▸ Data extract:
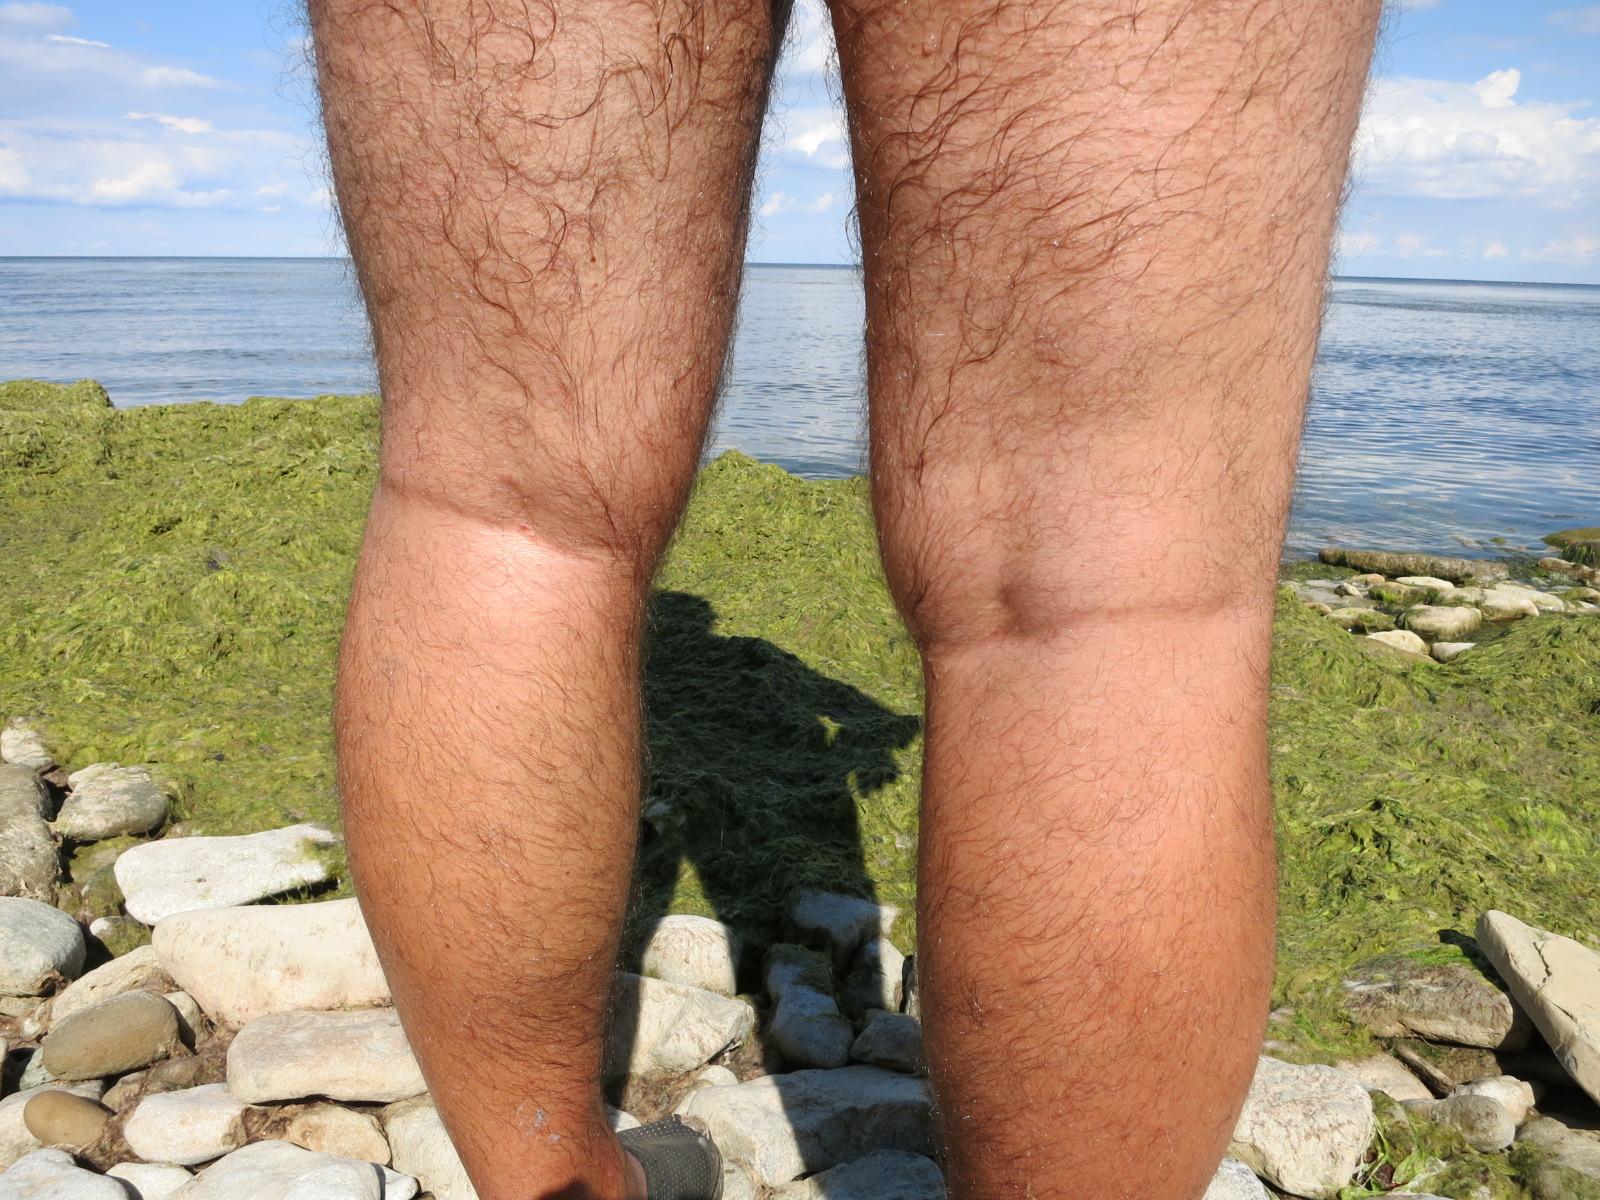 волосатые женские ноги видео онлайн проснулась уже
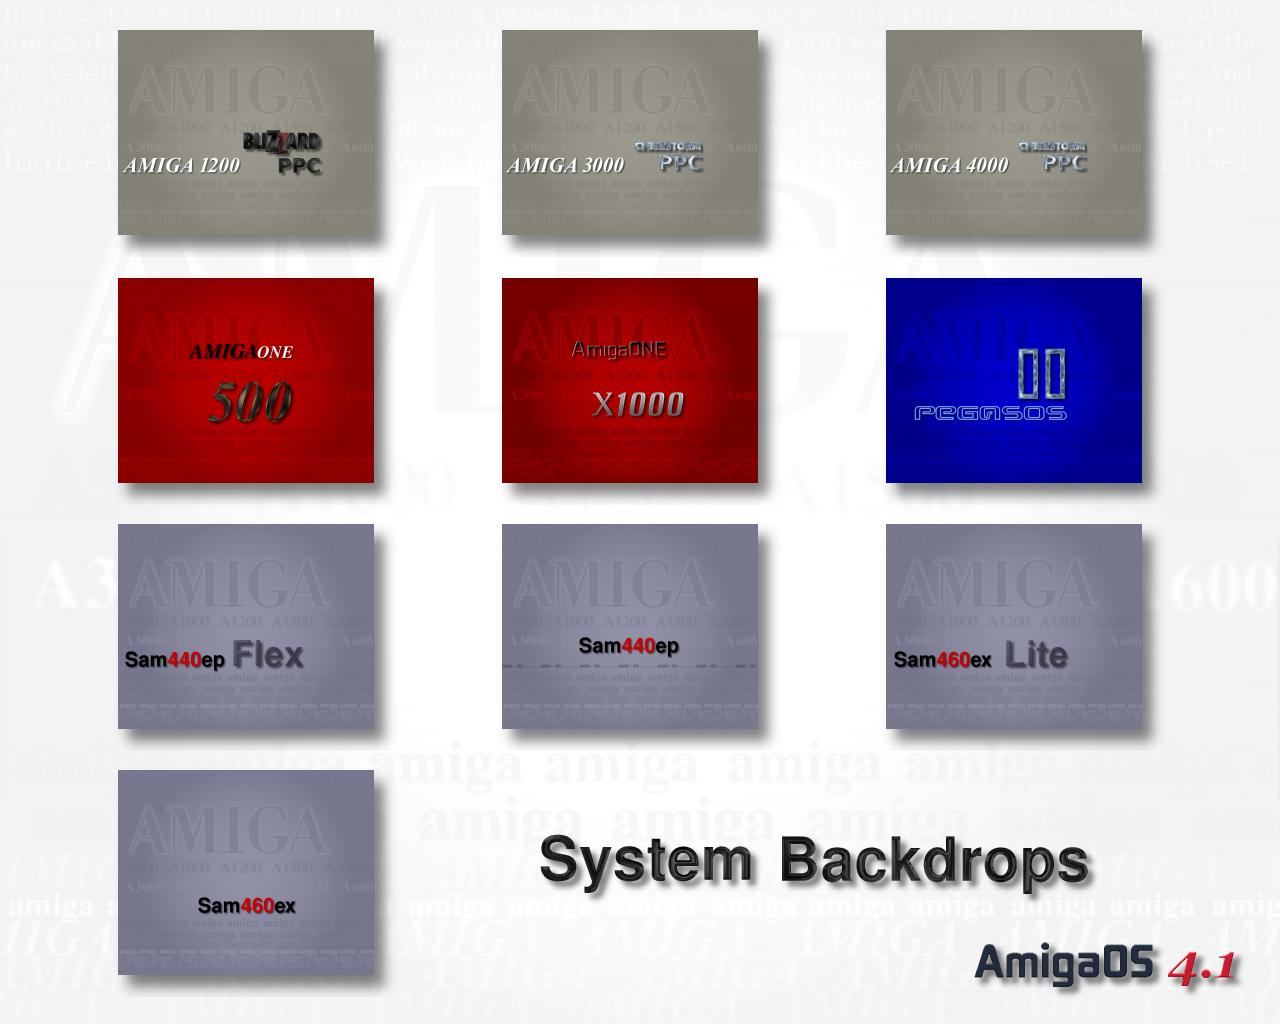 AmigaOS 4.1 System Backdrops 1280x1024
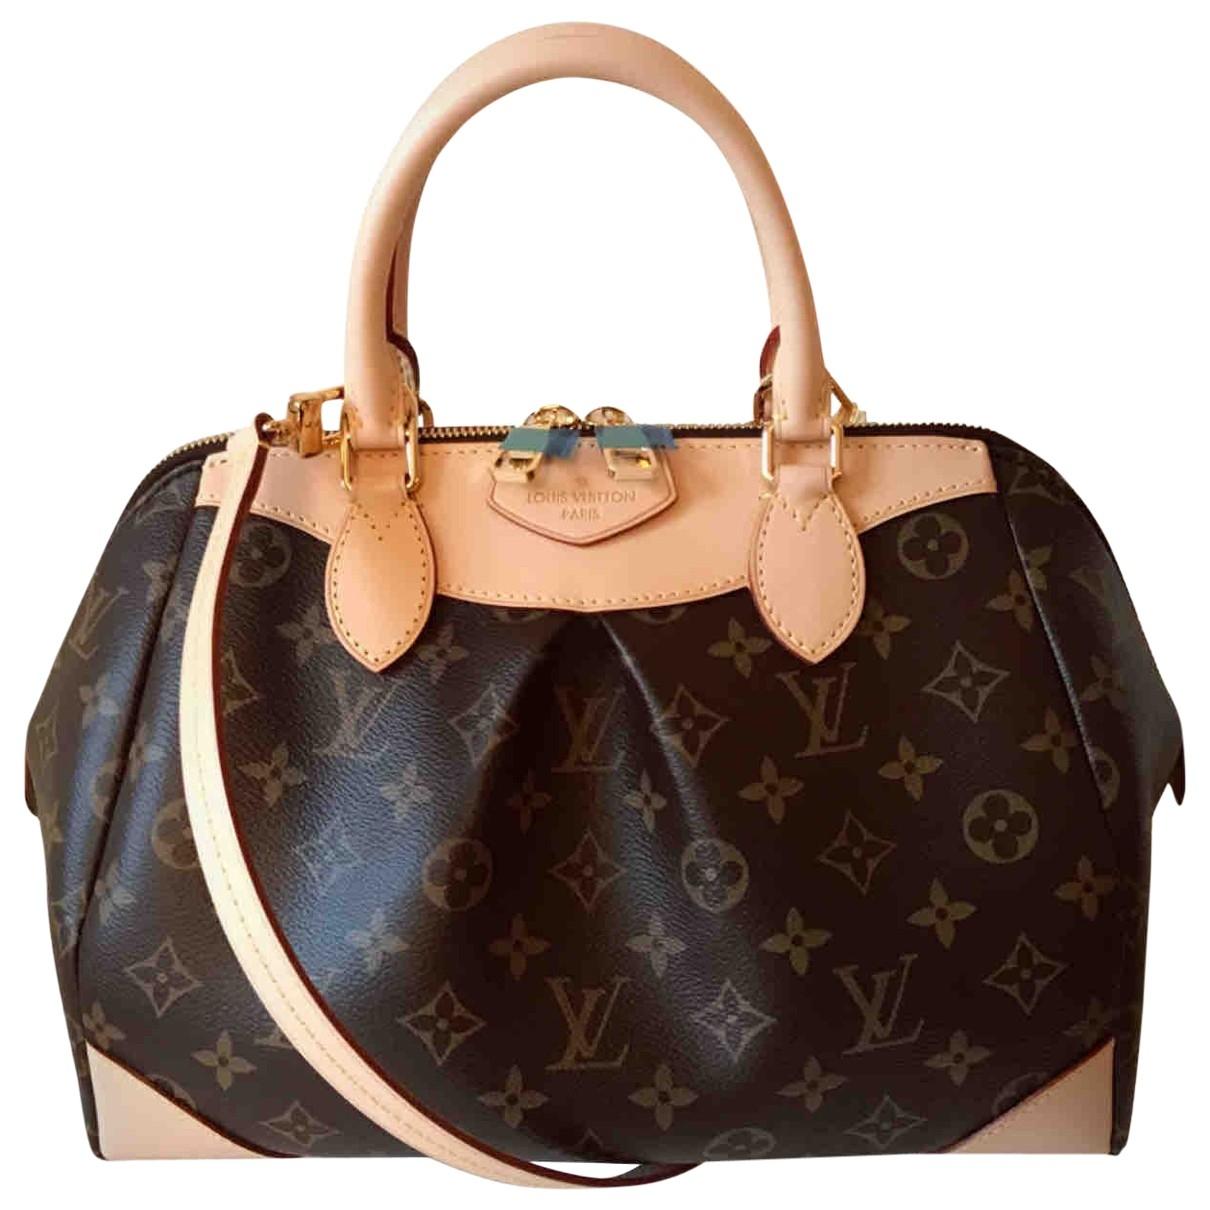 Louis Vuitton - Sac a main Segur pour femme en toile - marron

▸ Work to complete: Only the pictures are to be left out; restate everything else in the listing word for word.

▸ Written solution:
 волосатые женские ноги видео онлайн проснулась уже
 AmigaOS 4.1 System Backdrops 1280x1024
 Louis Vuitton - Sac a main Segur pour femme en toile - marron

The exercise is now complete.